The reason will be displayed to describe this comment to others. Learn more.

Can you suggest a test case to add where the importer will fail without the test for an absolute path? I tried to add as many variants of path representation as possible to the tests so I'd like to have at least one path that would fail if the suggested addition was not in place.

Copy link
Contributor

Choose a reason for hiding this comment

The reason will be displayed to describe this comment to others. Learn more.

sure - should be any second-level schema imported via absolute path. one second

Copy link
Contributor

Choose a reason for hiding this comment

The reason will be displayed to describe this comment to others. Learn more.

oh! pleasantly surprised to learn that an absolute path causes the thing it's being appended to to be ignored. learned something new :). Disregard this.

Copy link
Author

Choose a reason for hiding this comment

The reason will be displayed to describe this comment to others. Learn more.

Thanks for checking - glad I could provide a surprising learning experience for the day!

@dalito
Copy link
Member

dalito commented Feb 10, 2025

It seems that it breaks Windows but you don't see it because #360 is not yet merged.
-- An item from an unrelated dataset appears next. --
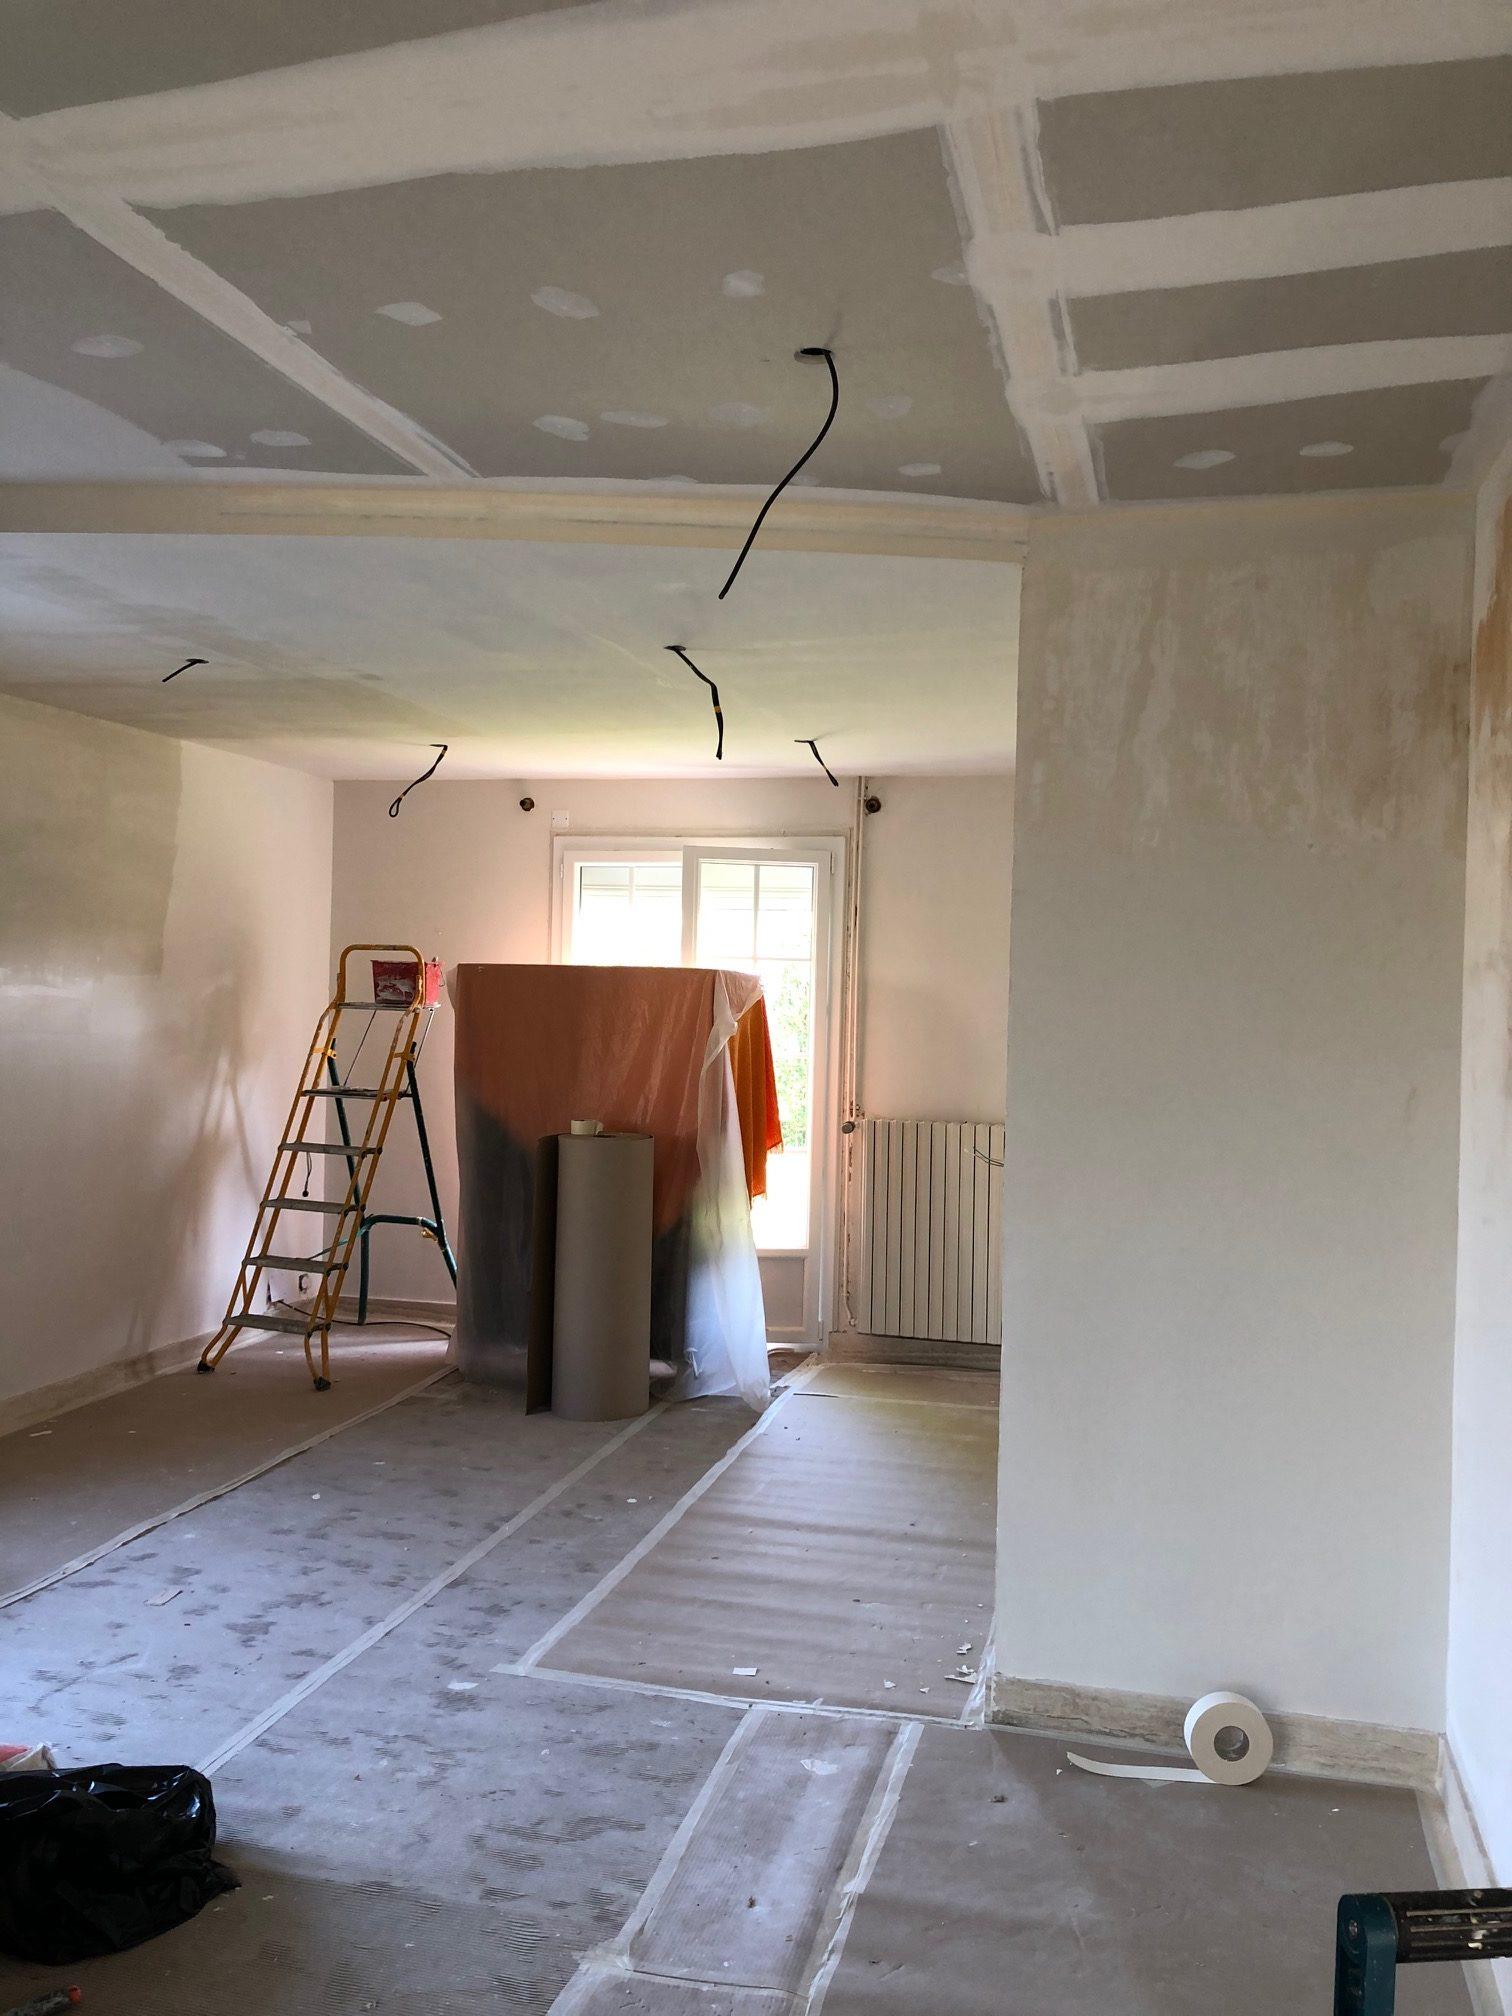 travaux de plâtrerie par le platrier peintre Fouillet à Angers

Also running your PR-branch locally on Win10 gives an error:

(.venv) λ pytest -k schemaview
======================================= test session starts =======================================
platform win32 -- Python 3.10.11, pytest-8.0.1, pluggy-1.4.0
rootdir: C:\Users\dlinke\MyProg_local\gh-dalito\linkml-runtime
collected 663 items / 630 deselected / 33 selected

tests\test_issues\test_linkml_runtime_issue_1317.py .s.                                      [  9%]
tests\test_utils\test_schemaview.py ............F.s...............                           [100%]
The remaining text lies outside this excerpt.